Bearing Witness
There are 16 of us nestled in the sunlit alcove of the church. I look at the stranger sitting on a navy-blue cushion before me and wonder what she is thinking about. She smiles at me, and I smile back. We introduce ourselves and make small talk, as does everyone else and their adjacent stranger. The bell rings, and the room falls into silence.
We turn our gaze to Mike, the PI of the study. His voice is gentle and reassuring, like that of a breeze in the wind, and I find myself getting lost in his intense blue eyes. Then the instructions come: look into your partner’s eyes for the next few minutes.
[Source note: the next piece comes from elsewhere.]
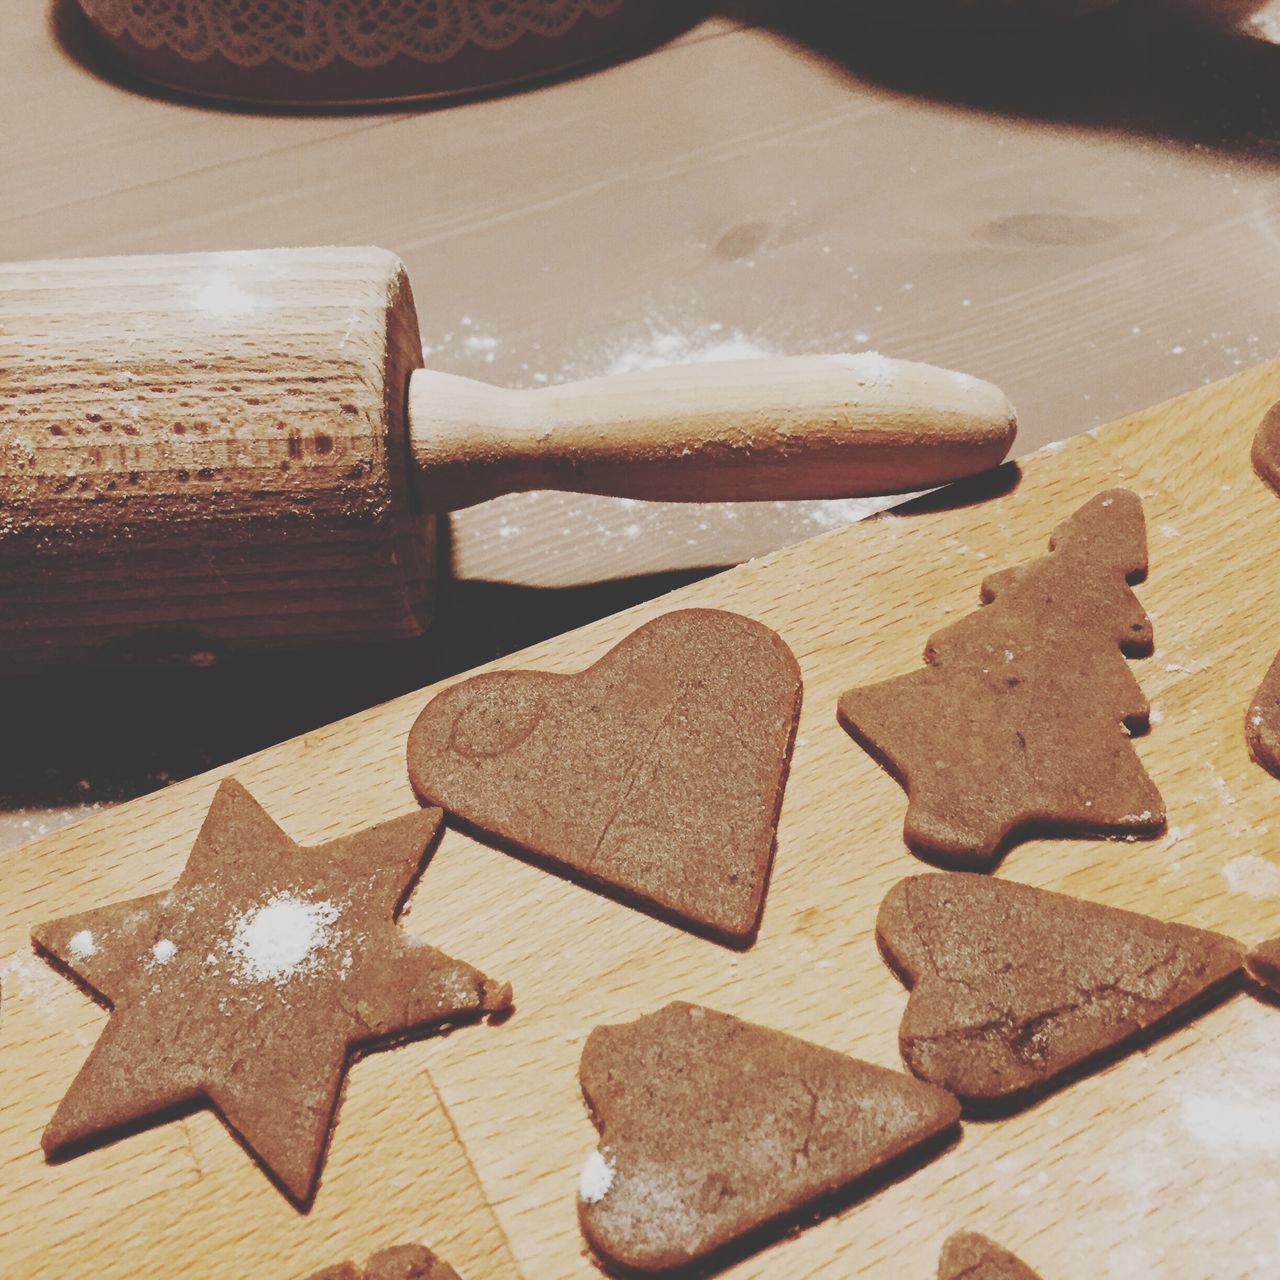 Christmas Food Christmas Tree IPSXmas Merry Christmas! Foodporn Eye4photography  EyeEm Best Shots EyeEm Best Edits EyeEm

My partner and I fidget and reposition ourselves on our increasingly stiff and uncomfortable cushions. Our eyes dart toward one another’s, then to the ground and to other objects in the room, then back again to our respective irises. Chocolate brown staring into forest blue. She smiles at me, and I smile back. It is clear we have never actually looked at anyone like this before. I imagine us as two strangers waltzing in a burning room.
A minute or two passes before the discomfort is overtaken by a growing sense of awe and openness. The longer I look at my partner, the more I see beyond the narrow horizon of her eyes. She is no longer just a stranger before me. She is a multitude of malleable identities and stories, a twisted thread of immutable pasts and yet-to-be-had futures, a long line of unfulfilled promises and unfulfilling heartbreaks, an unimaginable plane of N dimensions, an infinity no mathematician could ever tame, prove, or understand.
Searching for certainties is no longer an option on the vast plains of vulnerability. My eyes rest and release the desire to run. There is nowhere left to go or hide. What remains is the raw openness of experience, of bearing witness, of measuring moments not by the hands of the hour, but by the rapid echoes of our beating hearts.